I just wanted to say that I'm so happy I signed up for this site! I have learned that I am a normal new grad. All my stress and fear is normal. After reading many posts about new grads at their first job, I feel I am right where I need to be. Before, I was freaking out and thinking maybe I'm too stupid to be a nurse. Now I know this is truly a normal feeling and in time, I will transition from this place to being more confident and comfortable. I've only been on my job in oncology for four days now and I love it. It's a lot of work and very stressful but I have dreamed of becoming a nurse since waaay back and now that I'm finally here brings me more joy than ever. Sometimes I just stare at my badge and I'm in awe because it says my name RN. Thats pretty darn cool.
My back story is that I grew up honestly believing I had a learning disorder and that I could never attempt anything "hard". I was never good at math and always thought that since I didn't know my multiplication tables by heart, I was stupid. The only thing I was good at was writing. So I thought when I graduated high school, that I wanted to be an editor of some sort. I found out quickly reporting was involved and I hate reporting so I quit that. When I became a CNA and worked in a nursing home, I knew I found a fit. I loved working with the patients and I hated seeing other CNA's or RN's being cruel to the residents so I thought to myself "man they need a person like me". I didn't believe much in myself and I had a really hard time with every class because every class I took, I thought I was too stupid to understand it.
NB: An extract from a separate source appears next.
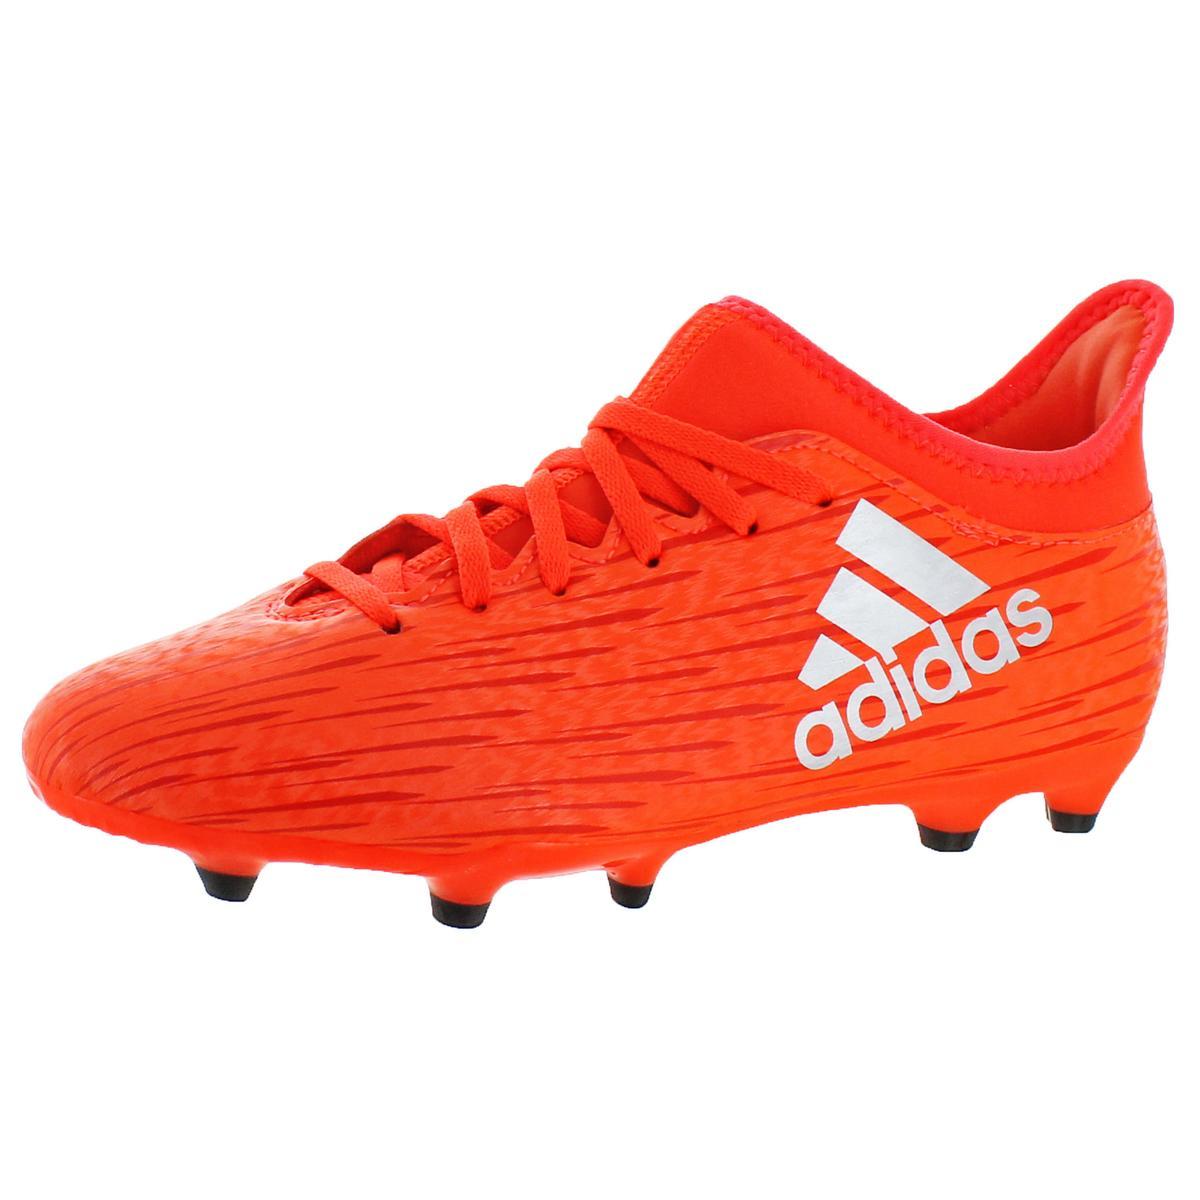 90e23d558d84 Adidas X 16.3 Firm Ground Boys Big Kid Athletic Cleats

Over the years and a slew of B grades I made it into nursing school
where I continued to do very well scoring A's and B's but mostly B's. I still thought I was stupid. How stupid. After graduating I passed my boards on the first try and the success keeps coming. I'm registered to get my BSN this fall semester and things are going so great. Looking back at where I came from, it truly is a blessing and I am in awe many times that although I wasn't the smartest cookie in the jar and I wasn't the straight A student, I didn't come from highly educated parents and I'm still successful. That just amazes me and the fact that I am a normal new grad eases my soul as well.